**Your objective**
In the listing below, the answer starts at the line that has "A policeman walks" and stops after the line that has "FLY RACING Glove Liners Black Xl 363-3960X"; please repeat that part exactly and nothing more.

BEGIN

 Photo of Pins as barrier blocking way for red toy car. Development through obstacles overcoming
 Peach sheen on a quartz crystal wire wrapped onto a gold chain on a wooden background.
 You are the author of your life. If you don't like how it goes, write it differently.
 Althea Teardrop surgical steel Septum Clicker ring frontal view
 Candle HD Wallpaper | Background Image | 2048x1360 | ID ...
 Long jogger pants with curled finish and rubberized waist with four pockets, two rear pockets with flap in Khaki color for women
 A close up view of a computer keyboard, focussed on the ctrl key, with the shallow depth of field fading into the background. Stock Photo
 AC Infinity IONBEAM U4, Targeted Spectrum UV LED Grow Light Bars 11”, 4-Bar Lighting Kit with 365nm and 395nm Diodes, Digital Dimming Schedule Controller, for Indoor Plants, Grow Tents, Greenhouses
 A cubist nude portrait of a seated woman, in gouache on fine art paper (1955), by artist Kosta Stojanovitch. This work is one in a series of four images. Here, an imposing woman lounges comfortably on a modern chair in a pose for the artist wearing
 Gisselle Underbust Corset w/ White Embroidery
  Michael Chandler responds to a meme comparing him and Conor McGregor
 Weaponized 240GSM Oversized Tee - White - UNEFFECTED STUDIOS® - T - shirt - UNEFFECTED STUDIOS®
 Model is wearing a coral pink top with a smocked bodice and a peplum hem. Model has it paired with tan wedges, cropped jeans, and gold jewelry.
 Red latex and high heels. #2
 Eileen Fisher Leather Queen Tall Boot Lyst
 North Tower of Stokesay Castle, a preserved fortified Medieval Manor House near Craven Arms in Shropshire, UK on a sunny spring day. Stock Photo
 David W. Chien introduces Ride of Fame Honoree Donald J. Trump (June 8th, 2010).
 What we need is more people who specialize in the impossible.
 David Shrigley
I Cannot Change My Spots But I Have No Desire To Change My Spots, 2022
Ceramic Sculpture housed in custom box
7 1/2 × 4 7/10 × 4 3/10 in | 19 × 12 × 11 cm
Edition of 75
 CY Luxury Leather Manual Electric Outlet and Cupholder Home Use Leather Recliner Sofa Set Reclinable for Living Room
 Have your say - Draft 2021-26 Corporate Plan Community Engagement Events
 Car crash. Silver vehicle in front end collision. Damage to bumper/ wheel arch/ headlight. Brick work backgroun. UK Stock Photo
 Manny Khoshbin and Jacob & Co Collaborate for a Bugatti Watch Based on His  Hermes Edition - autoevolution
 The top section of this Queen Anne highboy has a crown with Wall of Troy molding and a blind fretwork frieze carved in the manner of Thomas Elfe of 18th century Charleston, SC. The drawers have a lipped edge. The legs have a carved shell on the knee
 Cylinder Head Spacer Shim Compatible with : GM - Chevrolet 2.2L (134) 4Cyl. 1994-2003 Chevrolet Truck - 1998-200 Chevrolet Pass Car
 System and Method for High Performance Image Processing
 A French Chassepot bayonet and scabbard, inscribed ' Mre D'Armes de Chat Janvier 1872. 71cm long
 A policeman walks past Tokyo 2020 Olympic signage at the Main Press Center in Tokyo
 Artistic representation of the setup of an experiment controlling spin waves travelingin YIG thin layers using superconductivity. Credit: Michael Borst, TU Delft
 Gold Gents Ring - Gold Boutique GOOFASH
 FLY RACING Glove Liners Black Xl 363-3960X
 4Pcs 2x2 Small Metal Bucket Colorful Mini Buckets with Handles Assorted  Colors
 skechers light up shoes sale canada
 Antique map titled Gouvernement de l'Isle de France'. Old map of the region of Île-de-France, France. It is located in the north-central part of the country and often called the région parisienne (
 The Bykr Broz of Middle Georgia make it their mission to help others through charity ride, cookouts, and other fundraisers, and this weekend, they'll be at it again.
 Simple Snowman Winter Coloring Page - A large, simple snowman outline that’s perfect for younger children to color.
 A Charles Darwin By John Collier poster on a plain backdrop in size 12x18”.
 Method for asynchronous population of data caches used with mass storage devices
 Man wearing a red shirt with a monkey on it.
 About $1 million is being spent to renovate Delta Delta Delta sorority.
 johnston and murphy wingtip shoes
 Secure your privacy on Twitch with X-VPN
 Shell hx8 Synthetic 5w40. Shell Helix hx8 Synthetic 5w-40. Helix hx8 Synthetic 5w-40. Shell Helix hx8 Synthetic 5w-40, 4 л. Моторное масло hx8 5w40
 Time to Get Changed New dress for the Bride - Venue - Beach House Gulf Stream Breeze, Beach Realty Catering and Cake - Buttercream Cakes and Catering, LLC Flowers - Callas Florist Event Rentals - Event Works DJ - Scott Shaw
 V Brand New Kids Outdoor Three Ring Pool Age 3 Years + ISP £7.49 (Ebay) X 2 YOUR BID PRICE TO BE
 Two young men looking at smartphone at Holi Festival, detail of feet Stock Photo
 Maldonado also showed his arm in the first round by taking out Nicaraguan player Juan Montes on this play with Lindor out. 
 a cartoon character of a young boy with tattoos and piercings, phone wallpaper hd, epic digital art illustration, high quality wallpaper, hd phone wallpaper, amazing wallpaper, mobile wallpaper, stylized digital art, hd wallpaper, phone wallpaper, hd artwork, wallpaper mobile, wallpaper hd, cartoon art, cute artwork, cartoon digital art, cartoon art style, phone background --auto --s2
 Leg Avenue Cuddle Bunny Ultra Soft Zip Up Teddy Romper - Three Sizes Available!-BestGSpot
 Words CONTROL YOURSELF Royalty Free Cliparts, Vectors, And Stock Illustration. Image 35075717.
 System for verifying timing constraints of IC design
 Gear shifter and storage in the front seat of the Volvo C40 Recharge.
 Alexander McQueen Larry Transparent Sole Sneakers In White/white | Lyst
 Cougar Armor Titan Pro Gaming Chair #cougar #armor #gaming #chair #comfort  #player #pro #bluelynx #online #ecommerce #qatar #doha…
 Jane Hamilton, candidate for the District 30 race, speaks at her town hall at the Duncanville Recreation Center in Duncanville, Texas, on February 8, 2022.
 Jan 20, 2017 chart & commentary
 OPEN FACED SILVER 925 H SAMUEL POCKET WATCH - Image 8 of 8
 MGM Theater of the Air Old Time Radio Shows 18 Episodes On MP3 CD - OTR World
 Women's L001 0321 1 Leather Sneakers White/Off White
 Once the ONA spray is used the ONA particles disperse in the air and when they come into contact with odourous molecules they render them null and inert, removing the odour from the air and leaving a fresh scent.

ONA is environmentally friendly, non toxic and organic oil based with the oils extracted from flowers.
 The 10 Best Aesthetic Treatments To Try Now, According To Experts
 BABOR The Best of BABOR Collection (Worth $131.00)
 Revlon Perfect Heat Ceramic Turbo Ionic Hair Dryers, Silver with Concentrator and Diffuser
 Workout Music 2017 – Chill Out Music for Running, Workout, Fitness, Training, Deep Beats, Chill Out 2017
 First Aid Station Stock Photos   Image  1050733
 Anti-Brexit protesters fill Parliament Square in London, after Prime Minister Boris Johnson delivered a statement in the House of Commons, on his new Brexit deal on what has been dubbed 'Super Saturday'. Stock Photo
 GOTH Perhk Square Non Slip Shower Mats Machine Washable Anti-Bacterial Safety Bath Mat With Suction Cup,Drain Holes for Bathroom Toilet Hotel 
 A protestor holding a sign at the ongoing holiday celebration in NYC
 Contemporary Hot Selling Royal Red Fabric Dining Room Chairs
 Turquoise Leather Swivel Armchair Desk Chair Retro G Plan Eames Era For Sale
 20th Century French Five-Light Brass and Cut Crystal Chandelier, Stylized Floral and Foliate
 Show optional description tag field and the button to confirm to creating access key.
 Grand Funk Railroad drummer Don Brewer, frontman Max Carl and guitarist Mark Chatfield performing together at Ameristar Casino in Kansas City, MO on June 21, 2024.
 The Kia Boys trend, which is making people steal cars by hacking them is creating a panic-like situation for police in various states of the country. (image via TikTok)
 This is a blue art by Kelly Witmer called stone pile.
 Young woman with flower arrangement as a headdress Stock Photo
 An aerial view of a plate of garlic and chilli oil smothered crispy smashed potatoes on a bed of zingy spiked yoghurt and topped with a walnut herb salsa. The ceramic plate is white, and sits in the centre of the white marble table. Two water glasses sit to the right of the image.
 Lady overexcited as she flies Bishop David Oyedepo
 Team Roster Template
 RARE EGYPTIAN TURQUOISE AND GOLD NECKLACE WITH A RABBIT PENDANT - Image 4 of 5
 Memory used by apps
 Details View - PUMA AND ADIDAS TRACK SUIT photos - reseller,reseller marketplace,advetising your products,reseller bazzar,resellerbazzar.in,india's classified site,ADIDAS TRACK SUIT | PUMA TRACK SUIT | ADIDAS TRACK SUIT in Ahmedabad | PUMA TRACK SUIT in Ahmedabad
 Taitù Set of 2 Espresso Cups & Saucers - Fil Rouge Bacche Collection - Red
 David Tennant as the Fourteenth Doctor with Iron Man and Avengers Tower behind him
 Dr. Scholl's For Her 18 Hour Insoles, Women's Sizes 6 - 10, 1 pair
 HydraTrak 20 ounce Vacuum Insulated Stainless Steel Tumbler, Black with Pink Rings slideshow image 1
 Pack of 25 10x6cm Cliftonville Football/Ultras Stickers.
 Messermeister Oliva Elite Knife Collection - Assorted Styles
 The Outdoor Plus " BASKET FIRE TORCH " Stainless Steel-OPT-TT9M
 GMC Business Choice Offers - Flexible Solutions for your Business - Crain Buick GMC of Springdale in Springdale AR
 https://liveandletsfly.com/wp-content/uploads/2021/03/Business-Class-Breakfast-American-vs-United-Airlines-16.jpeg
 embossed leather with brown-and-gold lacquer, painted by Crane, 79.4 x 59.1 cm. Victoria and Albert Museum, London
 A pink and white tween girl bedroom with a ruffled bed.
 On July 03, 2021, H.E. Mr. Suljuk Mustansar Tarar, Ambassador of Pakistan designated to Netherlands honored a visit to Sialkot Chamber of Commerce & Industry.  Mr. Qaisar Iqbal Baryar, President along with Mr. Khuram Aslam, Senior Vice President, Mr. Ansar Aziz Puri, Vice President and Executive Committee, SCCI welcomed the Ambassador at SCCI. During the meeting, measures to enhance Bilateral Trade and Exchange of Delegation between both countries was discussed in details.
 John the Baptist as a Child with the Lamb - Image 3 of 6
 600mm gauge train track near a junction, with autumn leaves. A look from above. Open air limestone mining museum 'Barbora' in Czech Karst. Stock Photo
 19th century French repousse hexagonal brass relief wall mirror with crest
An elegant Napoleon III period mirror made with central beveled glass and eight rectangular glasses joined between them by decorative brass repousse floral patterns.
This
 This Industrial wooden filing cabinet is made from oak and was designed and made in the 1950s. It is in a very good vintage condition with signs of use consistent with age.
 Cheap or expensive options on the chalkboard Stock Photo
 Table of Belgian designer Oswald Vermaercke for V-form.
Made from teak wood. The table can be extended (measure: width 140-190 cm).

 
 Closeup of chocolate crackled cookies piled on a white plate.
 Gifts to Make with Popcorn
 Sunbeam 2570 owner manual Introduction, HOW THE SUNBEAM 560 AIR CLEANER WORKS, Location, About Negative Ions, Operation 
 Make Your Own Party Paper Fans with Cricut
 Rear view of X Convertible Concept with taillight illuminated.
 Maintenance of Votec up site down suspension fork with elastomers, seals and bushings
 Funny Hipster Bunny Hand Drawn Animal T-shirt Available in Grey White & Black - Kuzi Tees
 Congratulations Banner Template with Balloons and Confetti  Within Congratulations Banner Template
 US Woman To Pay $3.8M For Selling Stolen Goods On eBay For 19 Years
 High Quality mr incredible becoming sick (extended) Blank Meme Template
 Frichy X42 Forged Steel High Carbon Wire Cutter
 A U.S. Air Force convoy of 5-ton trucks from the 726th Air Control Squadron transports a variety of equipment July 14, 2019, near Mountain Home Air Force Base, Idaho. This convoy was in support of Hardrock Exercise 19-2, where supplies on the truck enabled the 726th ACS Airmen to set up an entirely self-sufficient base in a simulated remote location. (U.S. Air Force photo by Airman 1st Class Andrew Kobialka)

END

**Output**
 A policeman walks past Tokyo 2020 Olympic signage at the Main Press Center in Tokyo
 Artistic representation of the setup of an experiment controlling spin waves travelingin YIG thin layers using superconductivity. Credit: Michael Borst, TU Delft
 Gold Gents Ring - Gold Boutique GOOFASH
 FLY RACING Glove Liners Black Xl 363-3960X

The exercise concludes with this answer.